The luxury sector (LVMH, Kering, and L’Oréal) drove the Parisian index up, placing it at the top of European indices.

These companies have benefited from renewed global growth and rising consumption in emerging countries.

Similarly, the oil sector, supported by the geopolitical instability that has prevailed since January, is enjoying a renewed positive trend.

Lastly, technology stocks, especially in the US, were among the big winners of the beginning of this year.

It should be noted for US companies that earnings growth over the first quarter reached 24%, compared with analysts’ expectations of around 16%.

Banks and telecoms were the big losers during the first half of the year.

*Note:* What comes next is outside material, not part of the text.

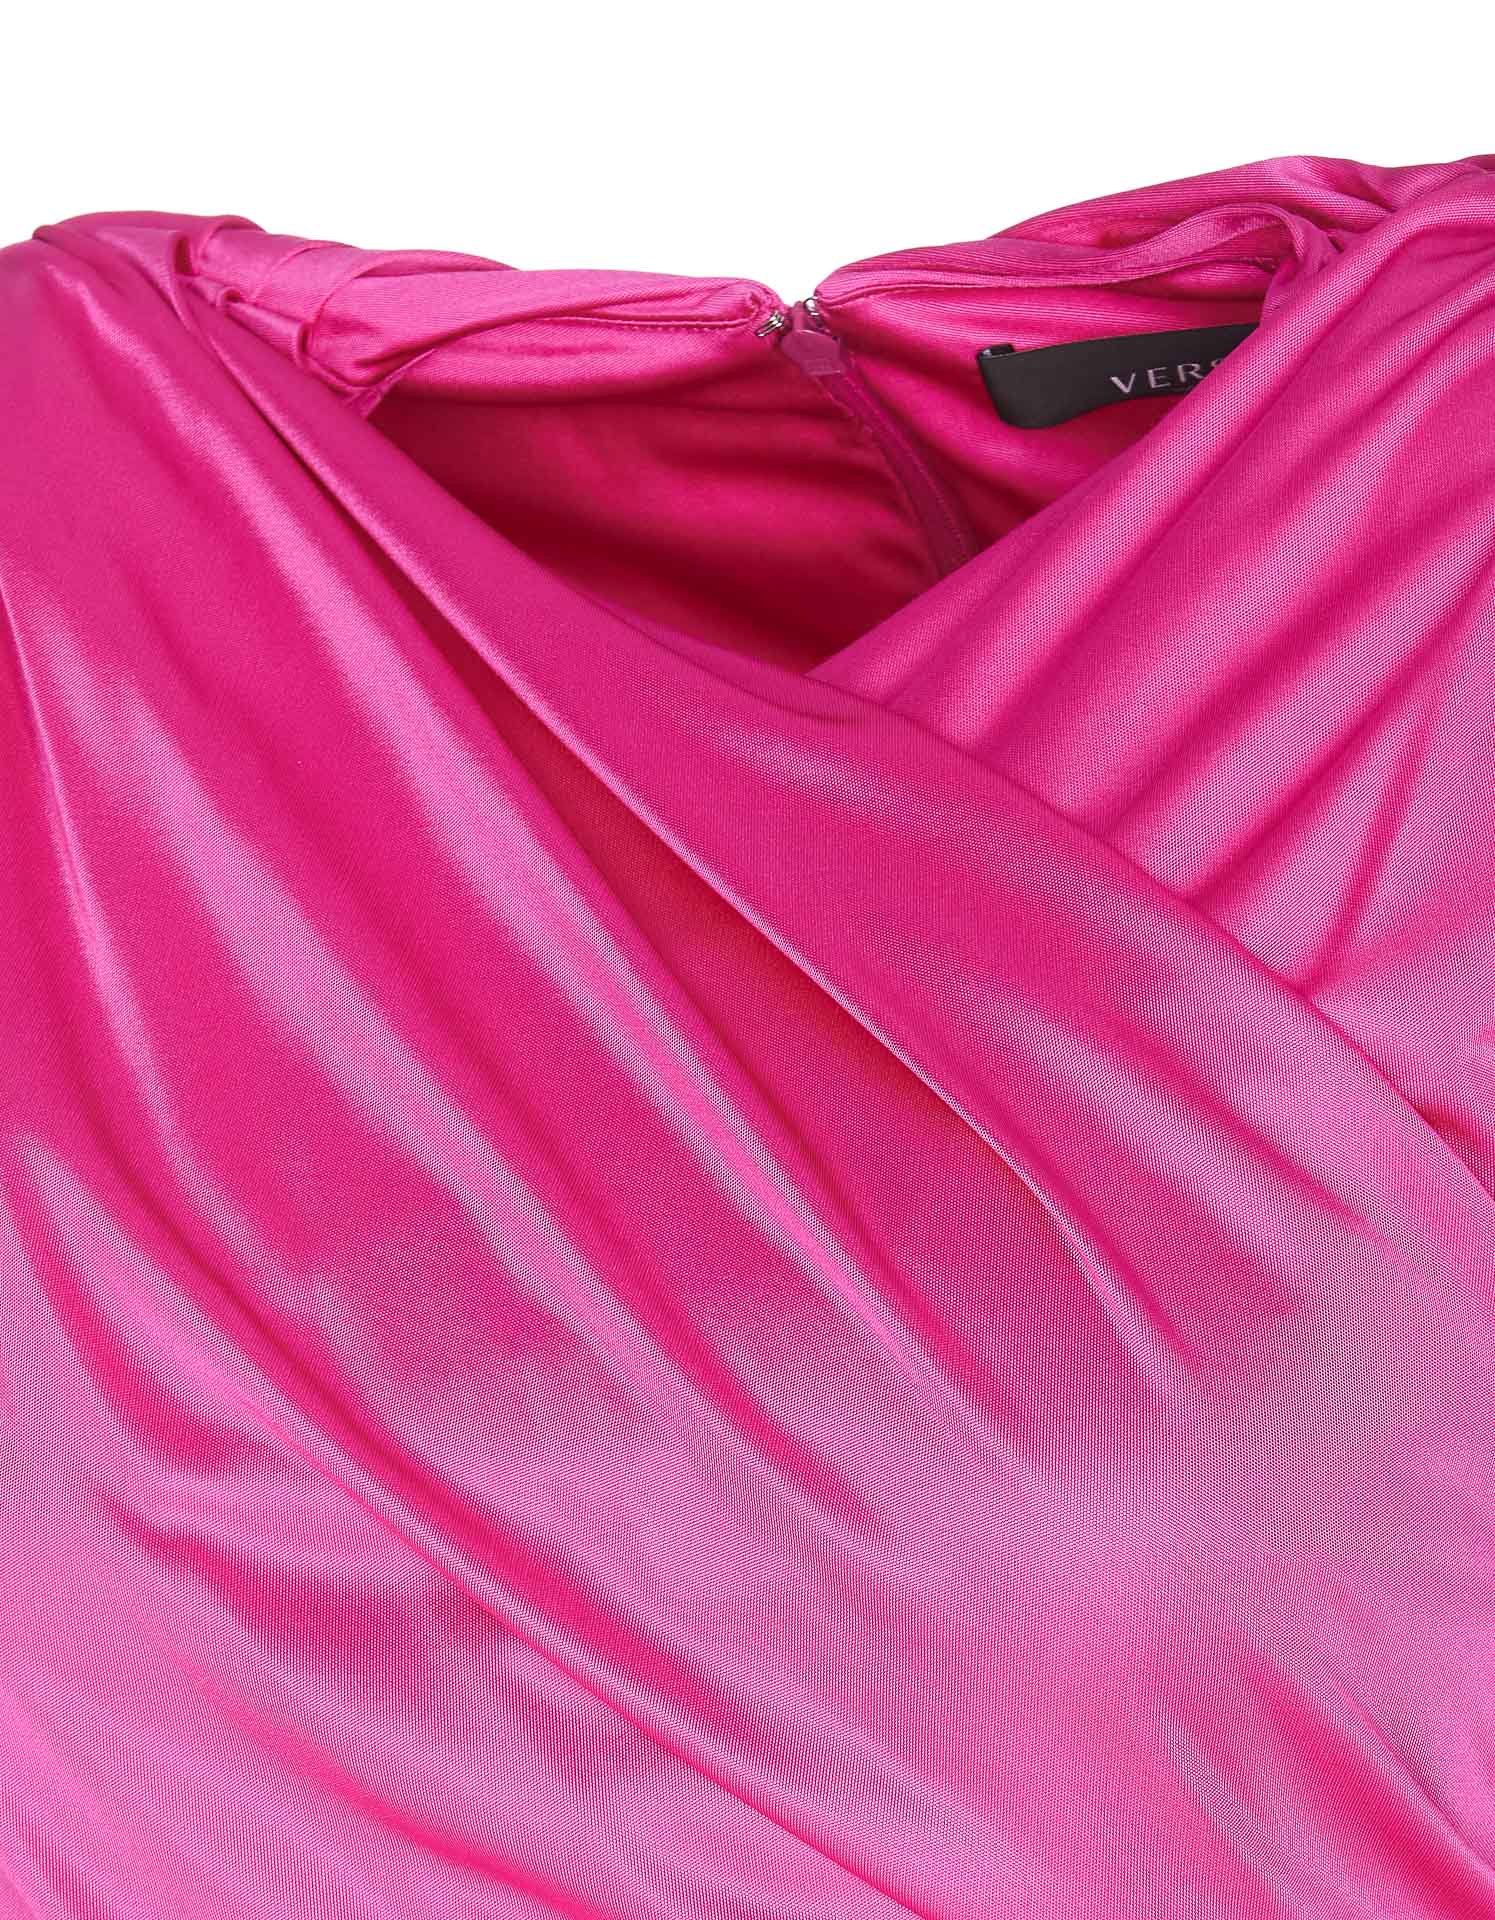 Versace Satin Chiffon Fabric Pink

On the one hand, for banks, the yield curve remains relatively flat (the spread between the US 10-year and 2-year is around 0.5%). This goes against their main business: lending. Their balance sheet structure is improving but at a slow pace. This sector remains overlooked by the markets and even more recently with the political instability in Italy, which raised tensions on the country’s 10-year yields, highlighting the fear of an exit from the euro for Italy.

Traditional banks are also facing competition from fintechs in their conquest of new market shares.

On the other hand, the telecom sector is restructuring but remains deflationary in nature. In France, the regulator is encouraging the transition from four to three operators. This sector continues to have debt and low growth, and investors are waiting for a clearer picture before investing in it.

What prospects for the second half?

We are seeing a continuation of the Fed’s normalisation process with two more expected rate increases, favouring the rise in long-term rates in the United States. In addition, the political crises in Italy and Spain are weighing on the markets. However, the economy remains strong and continues to show significant upside potential in Europe, particularly for equities, which remain our preferred asset class for the second half of the year.

The dollar’s recent appreciation is a source of support for European companies, but the trend could quickly reverse at the pace of Donald Trump’s statements and various geopolitical tensions.